July 10, 2008
North N.Y. Med. Care, P.C. v New York Cent. Mut. Fire Ins. Co. (2008 NY Slip Op 51557(U))
Headnote
Reported in New York Official Reports at North N.Y. Med. Care, P.C. v New York Cent. Mut. Fire Ins. Co. (2008 NY Slip Op 51557(U))
North N.Y. Med. Care, P.C. v New York Cent. Mut. Fire Ins. Co. |
2008 NY Slip Op 51557(U) [20 Misc 3d 138(A)] |
Decided on July 10, 2008 |
Appellate Term, Second Department |
Published by New York State Law Reporting Bureau pursuant to Judiciary Law § 431. |
This opinion is uncorrected and will not be published in the printed Official Reports. |
SUPREME COURT OF THE STATE OF NEW YORK
APPELLATE TERM: 9th and 10th JUDICIAL DISTRICTS
PRESENT: : RUDOLPH, P.J., McCABE and SCHEINKMAN, JJ
2007-992 N C.
against
New York Central Mutual Fire Insurance Company, Respondent.
Appeal from an order of the District Court of Nassau County, Third District (Norman Janowitz, J.), dated May 14, 2007. The order, insofar as appealed from, denied plaintiff’s motion for summary judgment as to the sum of $1,937.58, representing an unpaid balance of a February 15, 2001 no-fault insurance claim.

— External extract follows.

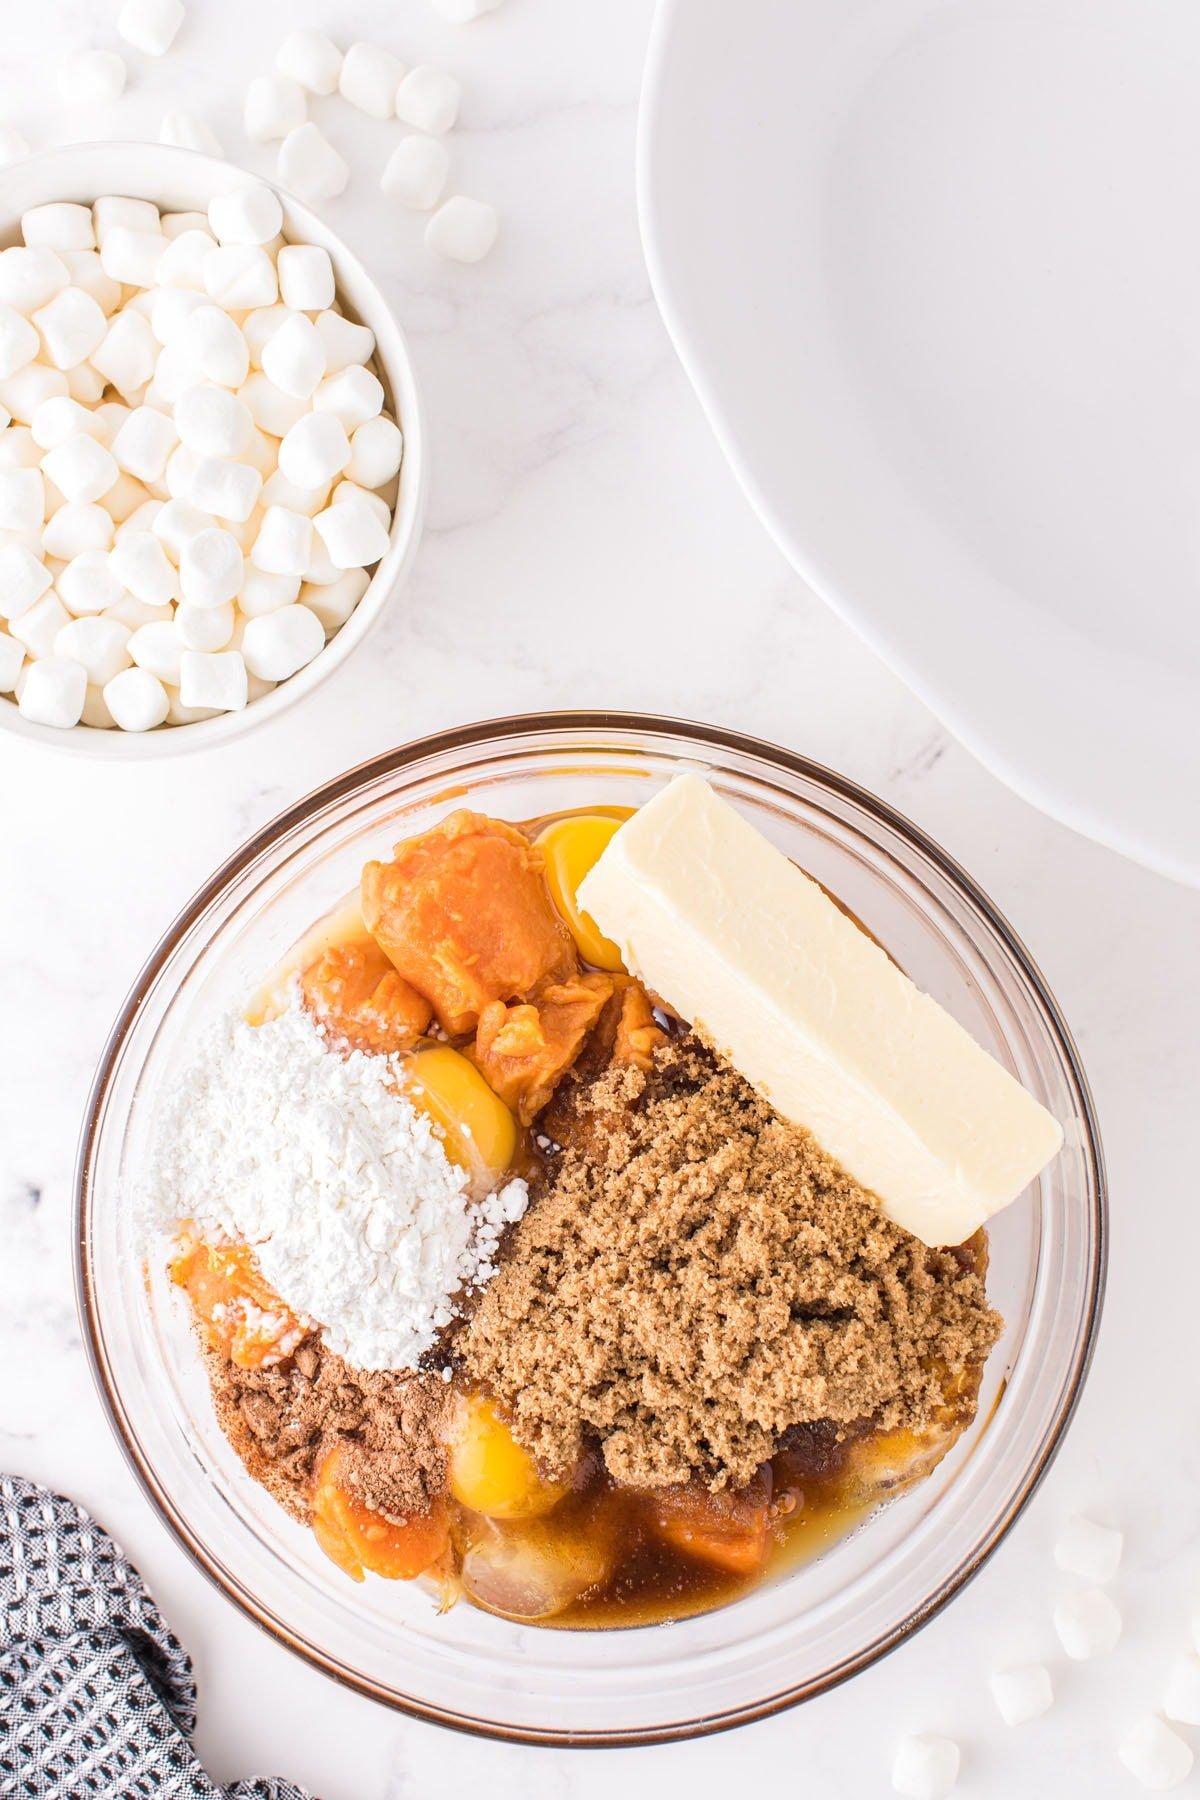 Beat together the sweet potatoes, eggs, dark brown sugar, butter, orange juice, cornstarch, and nutmeg

Order, insofar as appealed from, reversed without costs, plaintiff’s motion for summary judgment upon the $1,937.58 unpaid portion of its claim dated February 15, 2001 granted and matter remanded to the court below for the calculation of statutory interest and an assessment of attorney’s fees thereon.
In this action by a provider to recover assigned first-party no-fault benefits, plaintiff moved for summary judgment. Insofar as is relevant to this appeal, the court below denied plaintiff’s motion for summary judgment upon the unpaid $1,937.58 balance of its NF-3 claim form dated February 15, 2001 on the ground that defendant raised an issue of fact as to medical necessity. This appeal by plaintiff ensued.
An insurance carrier is required to either pay or deny a claim for no-fault benefits within 30 days of the date the insurer receives the proof of claim (see Insurance Department Regulations [11 NYCRR] § 65.15 [g] [3], now Insurance Department Regulations [11 NYCRR] § 65-3.8; Presbyterian Hosp. in City of N.Y. v Maryland Cas. Co., 90 NY2d 274 [1997]). Insurance [*2]Department Regulations (11 NYCRR) § 65.15 (d) (2) provides that additional verification required by an insurer is to be requested within 10 business days of receipt of a prescribed claim form. Where, as here, defendant requested additional verification 12 business days after receiving plaintiff’s NF-3 claim form, the 30-day period within which defendant was required to pay or deny plaintiff’s claim was correspondingly reduced to 28 days (Insurance Department Regulations [11 NYCRR] § 65.15 [g] [10], now Insurance Department Regulations [11 NYCRR] § 65-3.8 [j]; see Hospital for Joint Diseases v Travelers Prop. Cas. Ins. Co., 9 NY3d 312, 318 [2007]). Since defendant concedes that it received the requested verification on May 16, 2001, defendant was required to pay or deny the claim at issue on or before June 13, 2001. As defendant did not deny plaintiff’s claim until June 14, 2001, defendant’s denial of plaintiff’s claim was untimely and defendant is precluded from raising its proffered defense of lack of medical necessity (see Presbyterian Hosp. in City of N.Y. v Maryland Cas. Co., 90 NY2d 274 [1997], supra).
Accordingly, plaintiff was entitled to summary judgment upon the $1,937.58 unpaid portion of its claim dated February 15, 2001, and the matter is remanded to the court below for the calculation of statutory interest and an assessment of attorney’s fees thereon pursuant to Insurance Law § 5106 (a) and the regulations promulgated thereunder.
Rudolph, P.J., McCabe and Scheinkman, JJ., concur.